Kay Rhyner on Yawkey Lake in Hazelhurst dropped me a note saying that every September she starts seeing gulls on their lake. She wondered if the gulls are migrating from Lake Superior, and where they winter.
The gulls are almost certainly coming down from Lake Superior, which is the closest nesting site for them. Ring-billed gulls winter on Lake Michigan and further south, while herring gulls winter on Lake Superior and south, or basically wherever the water stays open. Large numbers of gulls show up in late summer and into the fall, but they may just be feeding rather than migrating. Gulls are exceptionally hardy birds, so they really don't have to hurry south.
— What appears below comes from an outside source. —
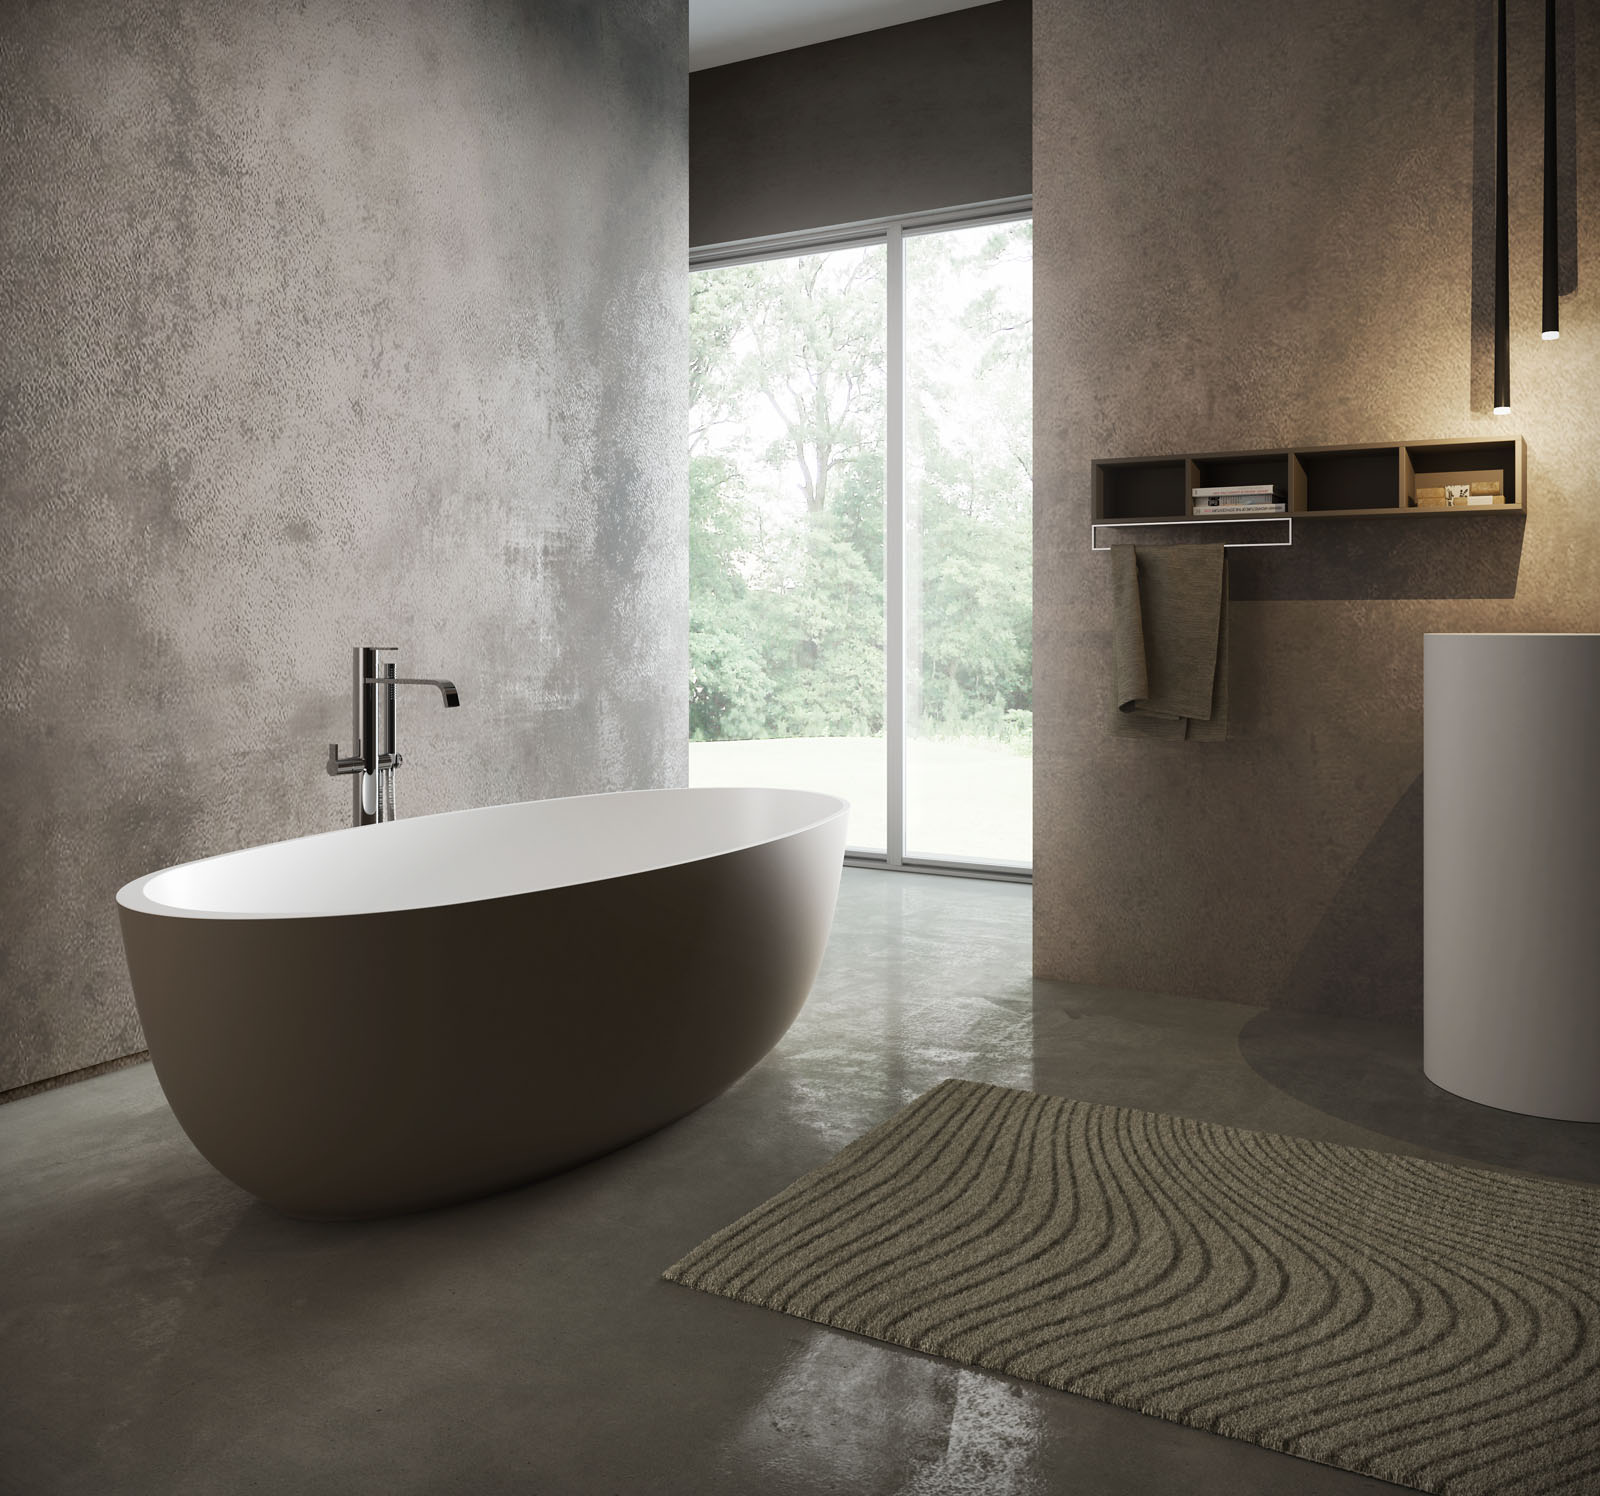 Round vasca da bagno moderna disenia for Vasca da bagno moderna
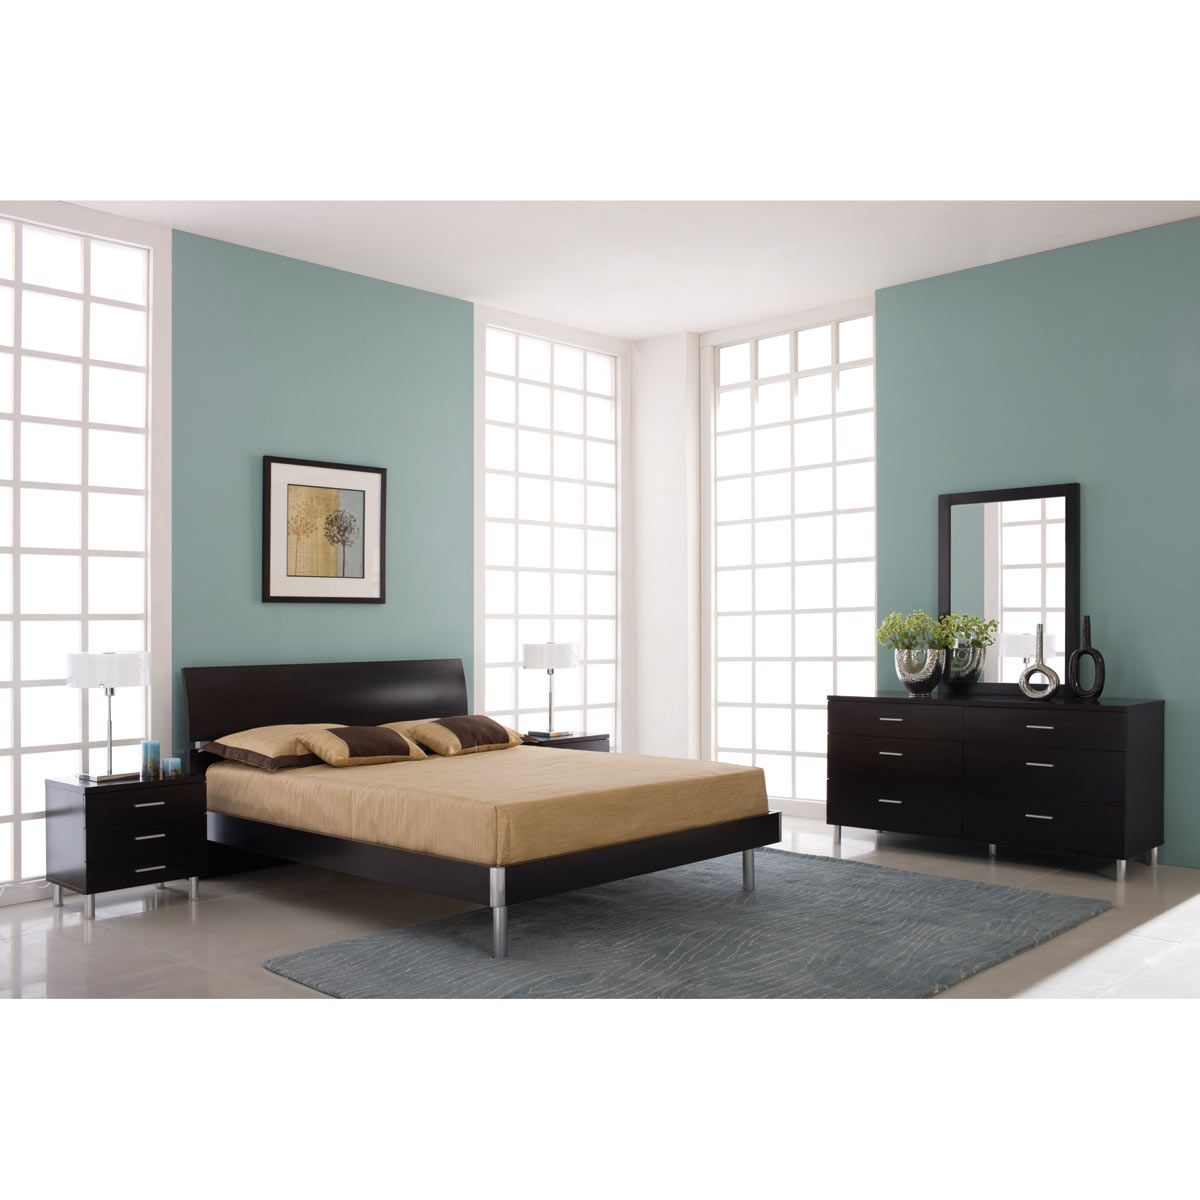 Kinwai 4 Piece King Bedroom Set

At the end of September, Kathy Eder sent me a photo of a barred owl sitting in a tree about 20 feet from their house. She noted, “He was perched on a branch looking down at a 130-foot-stream that we built in our backyard. I don't know if he was fishing (do they eat fish??), but if he was, he was out of luck because there are no fish in the stream. Maybe looking for frogs? A lot of critters come to drink out of the stream, maybe he was looking for them. He hung around for a couple of days and then didn't come back. He was utterly unafraid of us. Michael got within ten feet of him to take pictures and he just sat there . . . we've never seen one this close up.”
The October full moon, also known as the “hunter’s moon,” takes place tonight.
On 10/24, we’re down to 10.5 hours of daylight.
Planet watching in November: At dusk, look for Mars very low in the southwest and for brilliant Jupiter in the southeast. At dawn, look for Venus and Saturn both very low in the southeast.